#### [Work item]
From the entries below, return only the lines starting at the one that contains "Rompetrol Coffee Campaign" and ending at the one that contains "0-3 months shaped", exactly as they stand.

#### [Listed entries]
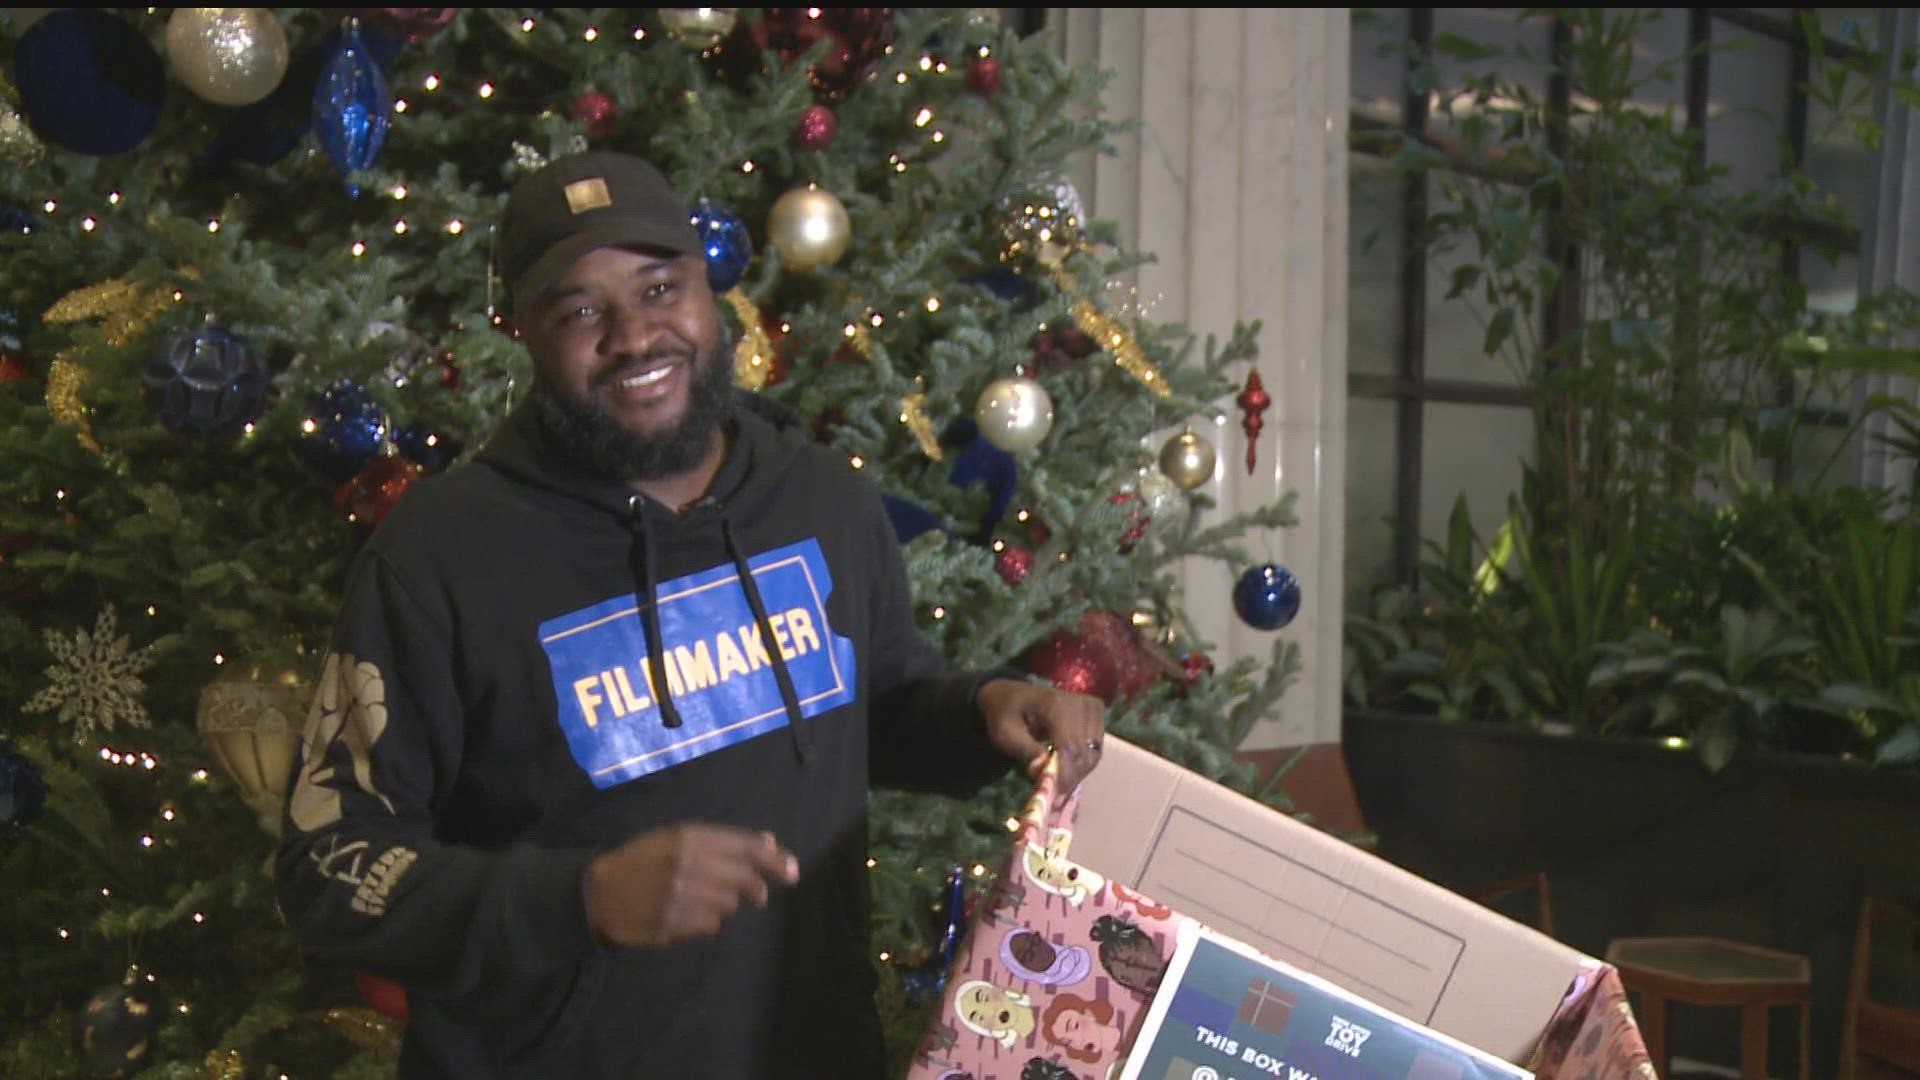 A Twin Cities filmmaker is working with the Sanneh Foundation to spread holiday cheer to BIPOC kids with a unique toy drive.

---

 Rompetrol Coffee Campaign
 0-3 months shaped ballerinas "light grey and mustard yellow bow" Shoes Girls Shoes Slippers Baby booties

#### [Task answer]
 Rompetrol Coffee Campaign
 0-3 months shaped ballerinas "light grey and mustard yellow bow" Shoes Girls Shoes Slippers Baby booties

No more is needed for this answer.